Some regions move the start rate for RNs an average of 6%
every six months. Recently, in two very different parts of
the country (New Orleans and Boston), Imaging Tech start
rates jumped $4.00 overnight. Starting Pharmacists with no
experience command starting salaries over $70,000. Hiring
and retention bonuses, some over $10,000, are more the norm
than the exception.
In an unprecedented move, Republican Governor George Pataki
of New York worked side by side with Dennis Rivera, the
outspoken leader of New York's Healthcare 1199 SEIU union,
to develop and pass a $1.8 billion healthcare funding
package. This package directly subsidizes healthcare worker
salaries and helps in the recruitment and retention efforts
of hospitals and nursing homes. The package also guarantees
no Medicaid reimbursement rate cuts for the next three
years. This is a dramatic change in political strategy that
only reinforces the critical nature of this issue.

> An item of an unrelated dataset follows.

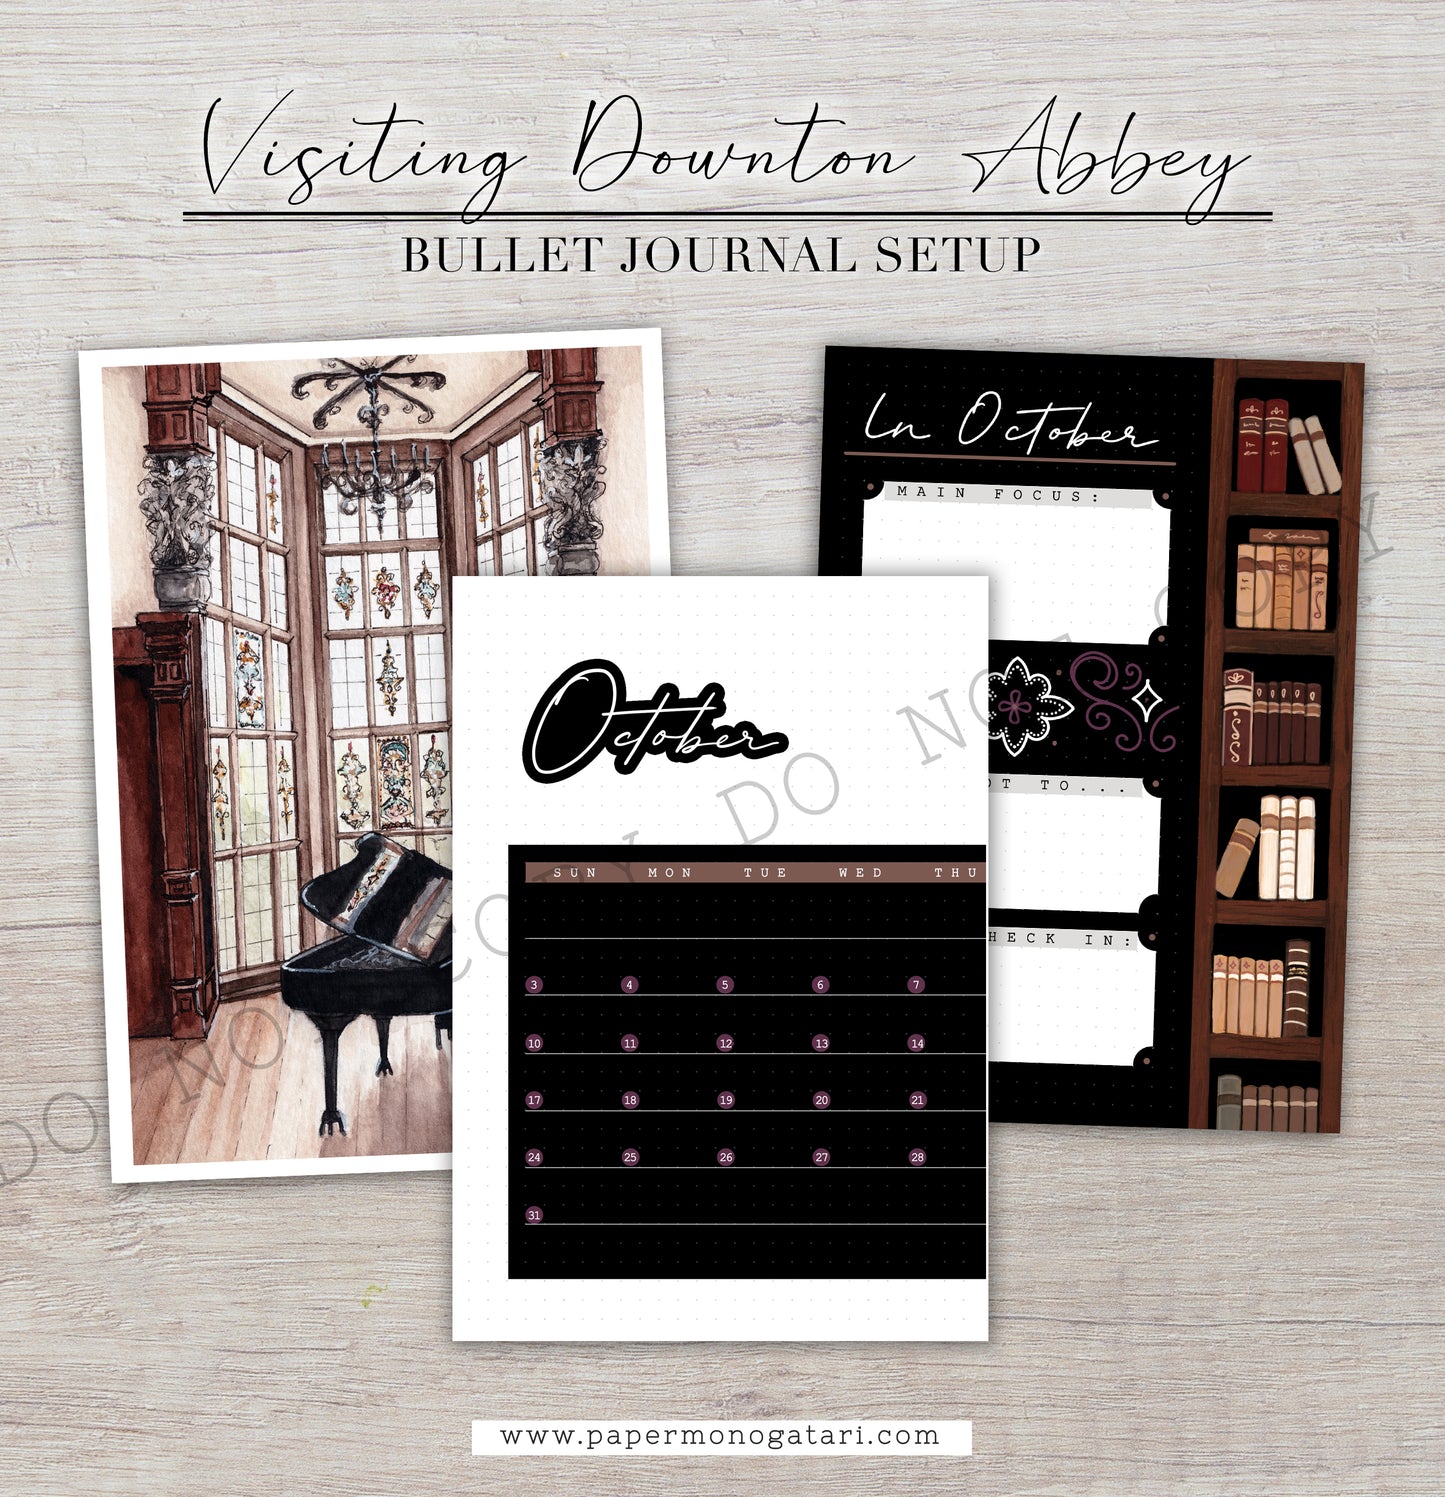 Visiting Downton Abbey | Digital Bullet Journal Theme

The US Department of Labor recently released its report on
healthcare costs for 2001. While the CPI for the country
rose 1.6% on average in 2001 and 3.4% in 2000, the
healthcare CPI rose 4.7% in 2001 and 4.2% in 2000. The two
areas that influenced this healthcare CPI rise are
prescription drug costs and overall hospital service costs,
primary compensation. Between 60% and 70% of a hospital's
expense budget is directly impacted by labor costs.
Hospital service costs rose 7.1% in 2001 and 6.2% in 2000.
The impact of this is dramatic. Watson Wyatt Worldwide
predicts that healthcare benefit costs to American business
will increase over 15% in 2002. A large part of this
increase can be directly tied back to the inflationary
spiral of healthcare labor costs.
The future does not look promising. Approximately 50% of
Astron Solutions' client base is healthcare related
organizations. We see increased activity in conducting
market surveys for clients. Human Resource departments are
under constant pressure to respond to department and line
management requests for additional staff. Community Boards
complain to top management that services are not
satisfactory. The Federal government is entertaining budget
cuts in Medicare reimbursements.
There is some hope for the future, however. Recent studies
show a 3.5% increase in Nursing school enrollments, the
first increase in several years. Major corporations, like
Johnson & Johnson, have joined forces with healthcare
organizations to market healthcare professions to high
school students. State hospital associations focus on how to
make the profession more attractive.
Yet in the short-term, we anticipate continued wage
inflation in the healthcare industry. This will have a
profound impact on the cost of healthcare benefit programs.